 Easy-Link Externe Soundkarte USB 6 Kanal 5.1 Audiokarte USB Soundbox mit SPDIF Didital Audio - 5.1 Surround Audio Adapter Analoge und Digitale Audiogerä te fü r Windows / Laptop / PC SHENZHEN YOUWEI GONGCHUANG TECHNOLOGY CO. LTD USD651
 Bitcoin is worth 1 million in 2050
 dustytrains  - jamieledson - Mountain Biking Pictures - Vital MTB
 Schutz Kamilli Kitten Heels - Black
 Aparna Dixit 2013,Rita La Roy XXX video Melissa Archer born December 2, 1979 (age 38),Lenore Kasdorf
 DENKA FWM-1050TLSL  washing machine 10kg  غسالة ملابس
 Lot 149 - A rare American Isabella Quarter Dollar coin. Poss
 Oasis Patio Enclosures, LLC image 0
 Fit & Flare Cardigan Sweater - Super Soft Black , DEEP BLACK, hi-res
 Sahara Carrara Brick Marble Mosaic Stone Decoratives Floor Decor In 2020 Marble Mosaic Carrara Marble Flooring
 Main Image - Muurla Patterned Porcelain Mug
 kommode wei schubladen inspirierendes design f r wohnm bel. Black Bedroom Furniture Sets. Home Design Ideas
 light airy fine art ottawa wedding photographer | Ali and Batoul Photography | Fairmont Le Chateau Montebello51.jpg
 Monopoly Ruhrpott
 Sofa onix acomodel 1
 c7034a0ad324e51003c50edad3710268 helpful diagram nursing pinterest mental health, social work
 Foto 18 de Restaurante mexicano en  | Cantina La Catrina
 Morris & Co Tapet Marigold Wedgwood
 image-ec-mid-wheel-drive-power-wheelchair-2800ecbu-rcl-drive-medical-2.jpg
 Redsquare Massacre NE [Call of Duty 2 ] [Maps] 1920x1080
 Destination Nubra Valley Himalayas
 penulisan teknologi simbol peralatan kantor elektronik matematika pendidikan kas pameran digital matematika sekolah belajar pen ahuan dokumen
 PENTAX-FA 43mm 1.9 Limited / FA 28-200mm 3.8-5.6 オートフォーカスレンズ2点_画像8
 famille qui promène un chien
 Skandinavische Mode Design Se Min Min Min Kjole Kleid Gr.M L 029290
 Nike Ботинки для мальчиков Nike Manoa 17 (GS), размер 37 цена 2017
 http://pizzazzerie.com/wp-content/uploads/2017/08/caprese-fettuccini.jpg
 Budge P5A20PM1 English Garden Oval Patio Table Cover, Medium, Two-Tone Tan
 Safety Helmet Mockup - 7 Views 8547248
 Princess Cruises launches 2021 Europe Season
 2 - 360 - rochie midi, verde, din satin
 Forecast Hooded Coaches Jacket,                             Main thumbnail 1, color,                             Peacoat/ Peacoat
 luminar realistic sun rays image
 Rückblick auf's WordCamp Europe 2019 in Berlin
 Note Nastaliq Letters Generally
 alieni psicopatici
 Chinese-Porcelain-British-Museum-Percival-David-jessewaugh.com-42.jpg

++++++++++++++++++++

EXERCISE DESCRIPTION
Could you transcribe the entries above word for word, from the line with "Morris & Co Tapet Marigold Wedgwood" down to the line with "penulisan teknologi simbol", keeping both?

EXERCISE ANSWER
 Morris & Co Tapet Marigold Wedgwood
 image-ec-mid-wheel-drive-power-wheelchair-2800ecbu-rcl-drive-medical-2.jpg
 Redsquare Massacre NE [Call of Duty 2 ] [Maps] 1920x1080
 Destination Nubra Valley Himalayas
 penulisan teknologi simbol peralatan kantor elektronik matematika pendidikan kas pameran digital matematika sekolah belajar pen ahuan dokumen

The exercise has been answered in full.